Been a while since I was out here on the boards (hope everyone is well!) but I wanted to swing by and let you all know that I've just finished putting up my entire backlist of my hardboiled supernatural urban fantasy Lawson Vampire series. 5 novels, 1 novella and 4 short stories. Here's a link to the entire list on Amazon (I did one of those Listmania things...) http://bit.ly/g9UuO1 Anyway, I hope you check it out. St. Martin's Press released the 5th novel, THE KENSEI January 18th, and they're releasing book 6, THE RIPPER next Spring. So if you're interested, the back catalog will get you up to speed nice and fast.

Thanks and I hope you enjoy Lawson!


----------



## David McAfee (Apr 15, 2010)

Heh. I already own all of them.


----------



## jonfmerz (Mar 30, 2009)

Thanks David!  Much appreciated!


----------



## Beth Burrow (Jan 30, 2011)

Mr. Merz I have truly enjoyed all of your books. My favorites are The Fixer and The Kensei! Thank you so much for a great read!! Your work is awesome. Can not wait until THE RIPPER comes out!!


----------



## TheMerleChloe (Jan 30, 2011)

I think it is awesome that all of the books in the Fixer series are now available in kindle! I recently read THE KENSEI, your recently released urban, paranormal thriller and enjoyed it tremendously! Seeing the other books become available, one can see where it all began, with THE FIXER. I just bought them ALL!!!!

Congratulations on THE KENSEI and look forward to your next book in the Lawson series, THE RIPPER!!!
Aloha!


----------



## cftodd (Jan 30, 2011)

I also own them all!!! I love your work Mr. Merz. I have found that I have fallen in love with Lawson and your series all over again now with my Kindle. I am so excited to hear about your 6th book in the series for next year!! I can't wait. 

The Kensei is my favorite to date so I am sure it will only get better! My second favorite is PARALLAX (which is not part of the Lawson Vampire Series) but it is still awesome. I would LOVE it if they made PARALLAX into a movie. I heard you have a t.v. show The Fixer (based on the Lawson Vampire Series) in the works that is very cool. I look forward to seeing that!
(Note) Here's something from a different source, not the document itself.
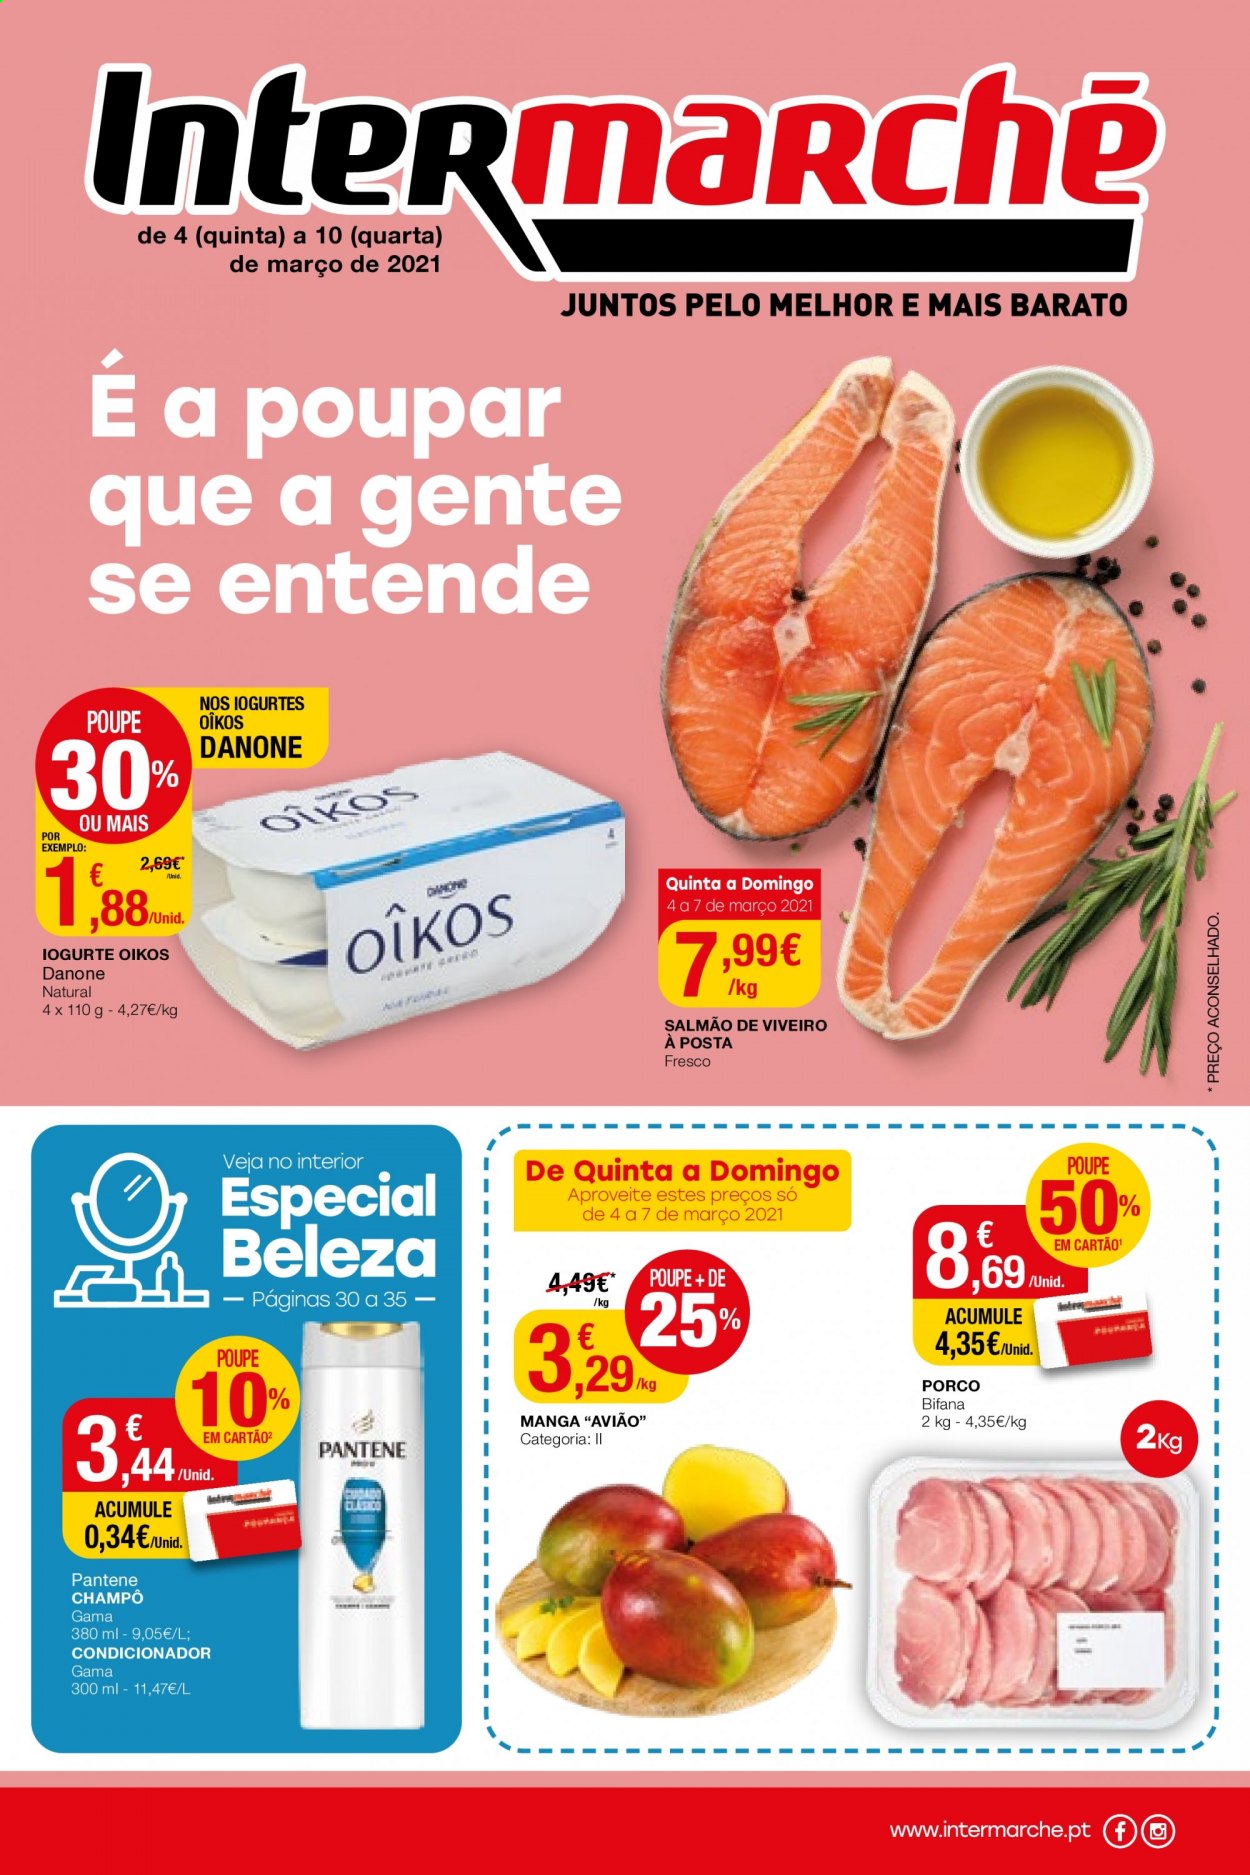 thumbnail - Folheto Intermarché - 4.3.2021 - 10.3.2021 - Produtos em promoção - salmão, iogurte, Danone, condicionador, Pantene. Página 1.

Good work and I think your writing is brilliant!


----------



## jonfmerz (Mar 30, 2009)

Thanks all!  Very nice to hear you're enjoying the books!  And yes, the TV series is still on-track.  We start shooting within the next month or so.  And THE RIPPER will be out next year from St. Martin's Press.  Good times!    

Have a great day!


----------



## cftodd (Jan 30, 2011)

Sweeeeet! So PUMPED!! By the way, I just have to say your Lawson Pictures all lined up like that really gets my heart racing. They look SOOO good next to each other!!



jonfmerz said:


> Thanks all! Very nice to hear you're enjoying the books! And yes, the TV series is still on-track. We start shooting within the next month or so. And THE RIPPER will be out next year from St. Martin's Press. Good times!
> 
> Have a great day!


----------



## jonfmerz (Mar 30, 2009)

Thanks!  Those were designed by the same graphics guy handling stuff on the TV series.  That's the actor playing Lawson on the cover, so I wanted to start getting his image into people's minds.


----------



## Ann in Arlington (Oct 27, 2008)

Hello again, Jon, and congratulations on your book!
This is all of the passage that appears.